Biohacking para empresários: Saiba como a técnica pode ajuda a melhorar seu desempenho
No meio empresarial moderno, o biohacking evoluiu para uma disciplina de alta precisão que utiliza a genômica e a neurociência para decodificar e aprimorar o potencial individual, destaca o mentor estratégico, empresário, engenheiro químico e especialista em performance organizacional e biohacking, Marcelo Thieme
A busca por alta performance deixou de ser apenas uma questão de gestão do tempo ou adoção de ferramentas digitais no mundo corporativo. Cada vez mais, empresários e executivos têm voltado o olhar para dentro do próprio corpo e do cérebro como forma de ganhar vantagem competitiva.
É nesse contexto que o biohacking surge como uma abordagem que alia ciência, tecnologia e autoconhecimento para otimizar energia, foco, tomada de decisão e resistência ao estresse, fatores decisivos em ambientes empresariais de alta pressão.
A evolução do biohacking para empresas
No meio empresarial moderno, o biohacking evoluiu para uma disciplina de alta precisão, distante da ideia simplista de “truques de produtividade”.
A proposta é bastante clara: Abandonar algumas soluções genéricas e construir estratégias personalizadas de desempenho, respeitando a biologia única de cada líder.
De acordo com o mentor estratégico, empresário, engenheiro químico e especialista em performance organizacional e biohacking, Marcelo Thieme, o grande diferencial dessa abordagem está na leitura científica do indivíduo.
“No meio empresarial moderno, o biohacking evoluiu para uma disciplina de alta precisão que utiliza a genômica e a neurociência para decodificar e aprimorar o potencial individual. Entender como o corpo e o cérebro funcionam não é mais um luxo, mas uma necessidade estratégica para quem precisa tomar decisões rápidas e sustentáveis ao longo do tempo”, afirma.
O cérebro e o desempenho
Na prática, isso significa analisar, por exemplo, polimorfismos genéticos que influenciam o metabolismo da cafeína, a resposta inflamatória ou a forma como o organismo lida com o estresse.
Com esses dados, é possível ajustar desde a alimentação até os horários mais produtivos do dia, além de definir estratégias de suplementação e recuperação física e mental.

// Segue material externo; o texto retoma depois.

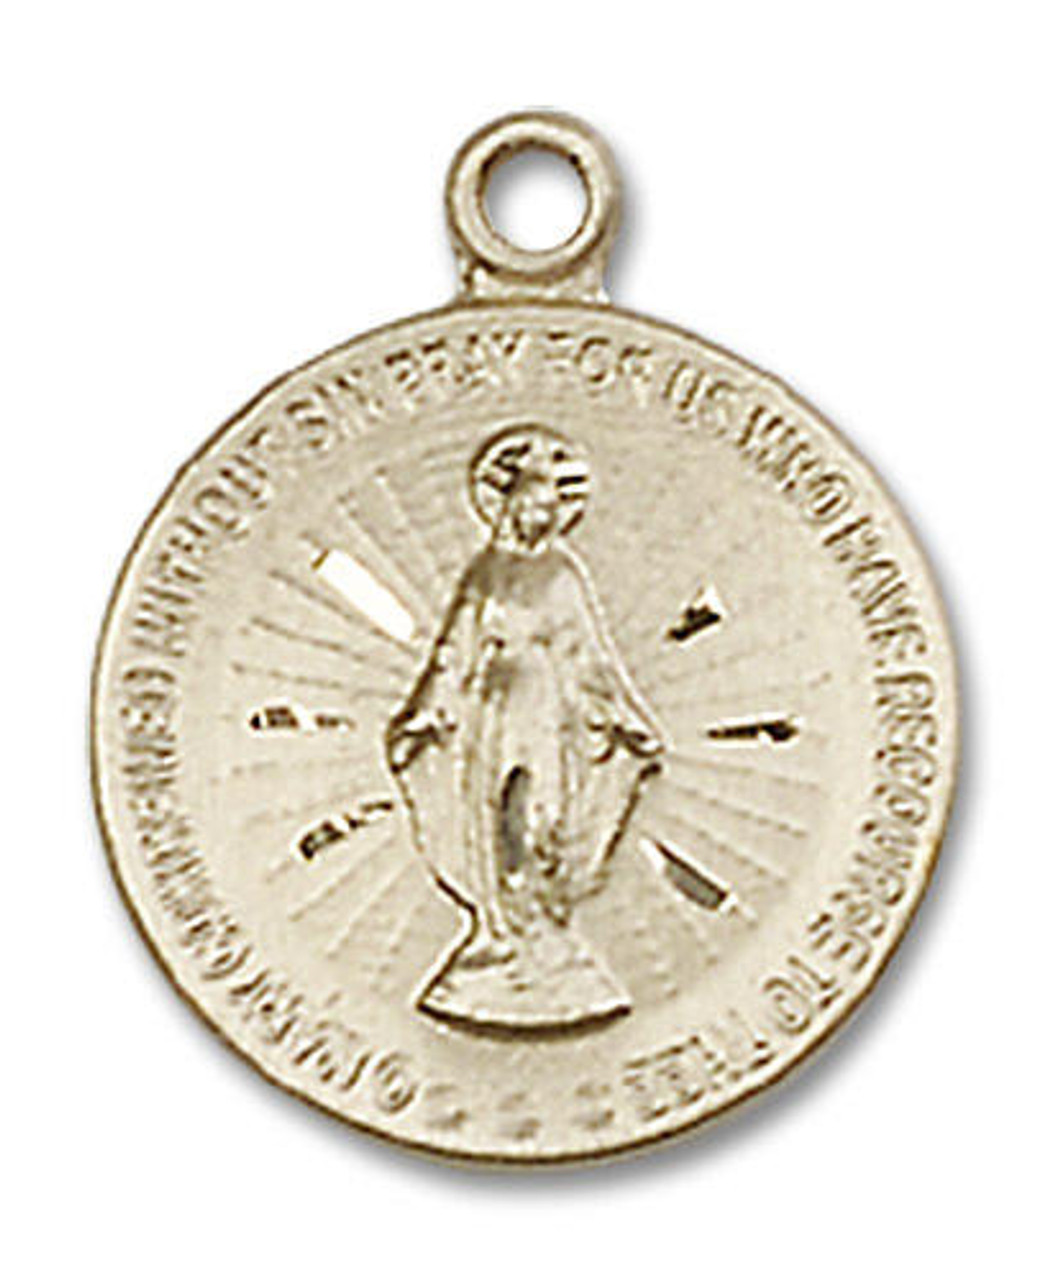 Extra Large Miraculous Medal - 14kt Gold 1 3/8 x 1 1/4 Round
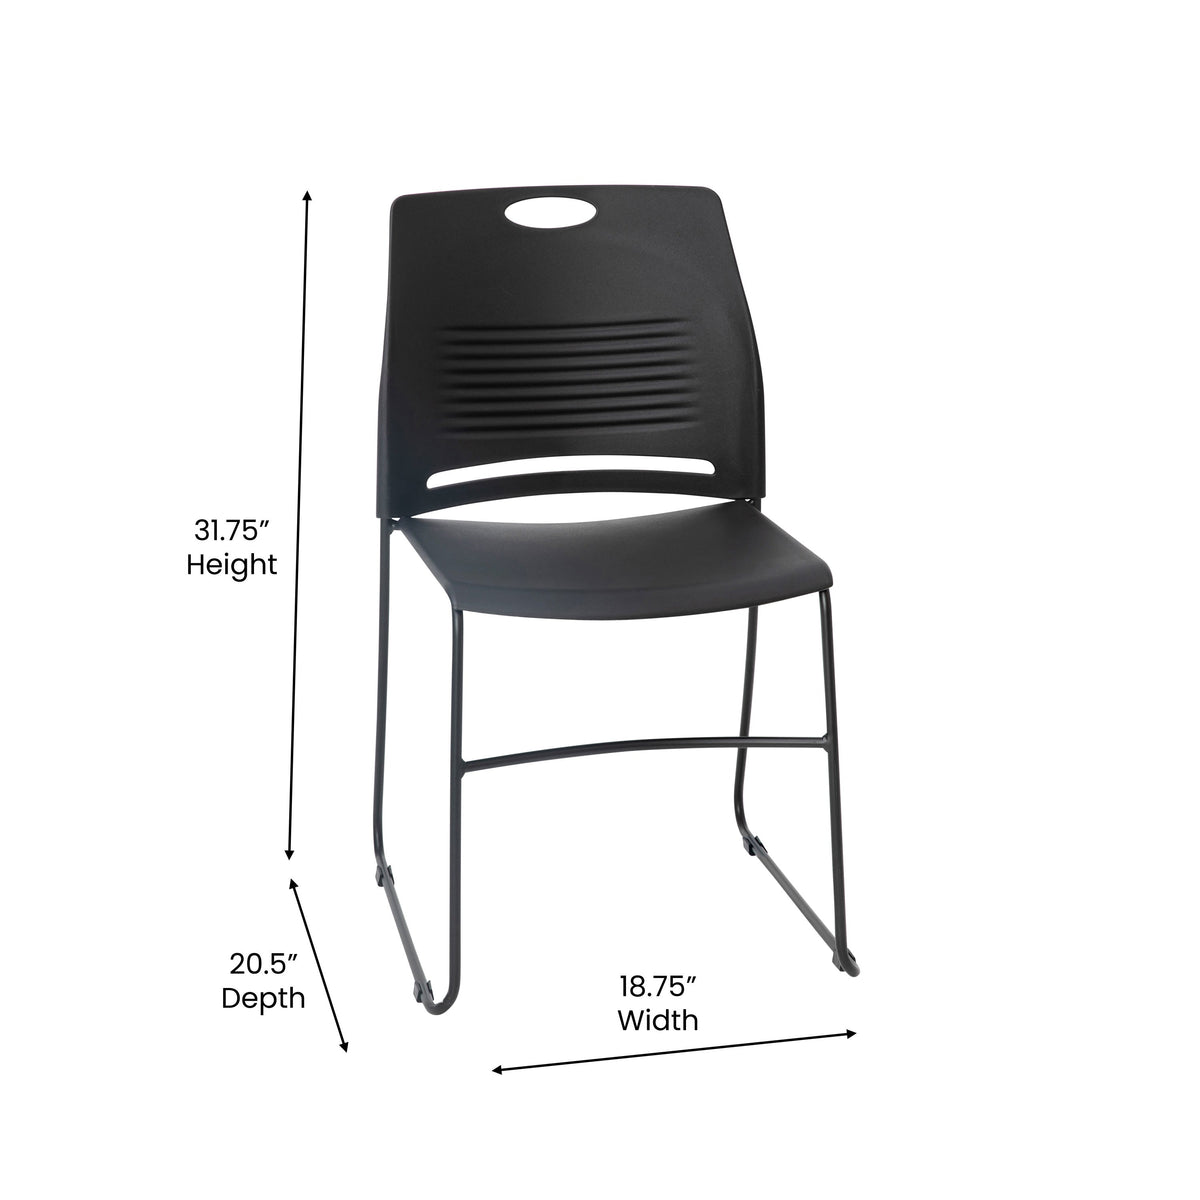 Black |#| Commercial Grade 660 LB. Capacity Plastic Stack Chair with Steel Sled Base-Black

O resultado é uma rotina desenhada sob medida, capaz de reduzir fadiga, melhorar clareza mental e aumentar a consistência de resultados.
Ferramentas da neurociência, como neurofeedback e monitoramento de ondas cerebrais vêm sendo utilizadas para treinar estados mentais específicos, como foco profundo e estado de flow. Esses recursos ajudam empresários a reconhecer padrões de distração, regular emoções e aprimorar a tomada de decisão sob pressão, algo especialmente relevante em cenários de instabilidade econômica ou crescimento acelerado.
Marcelo Thieme é um exemplo prático dessa aplicação. Como aluno em formação contínua em biohacking, ele utiliza o suporte científico do CPAH, Centro de Pesquisa e Análises Heráclito, para realizar testes genéticos e avaliações neurofisiológicas que orientam suas próprias estratégias de desempenho.
A experiência, de acordo com ele, vai além do benefício individual e impacta diretamente sua atuação como mentor.
“Ao compreender como dados biológicos podem ser traduzidos em ações concretas, ele consegue orientar empresários a transformar saúde, energia e clareza mental em ativos estratégicos para seus negócios”
“Mais do que uma tendência passageira, o biohacking aplicado ao empreendedorismo aponta para uma mudança de paradigma. O corpo e o cérebro deixam de ser vistos apenas como instrumentos de trabalho e passam a ser tratados como sistemas complexos, mensuráveis e treináveis”, destaca.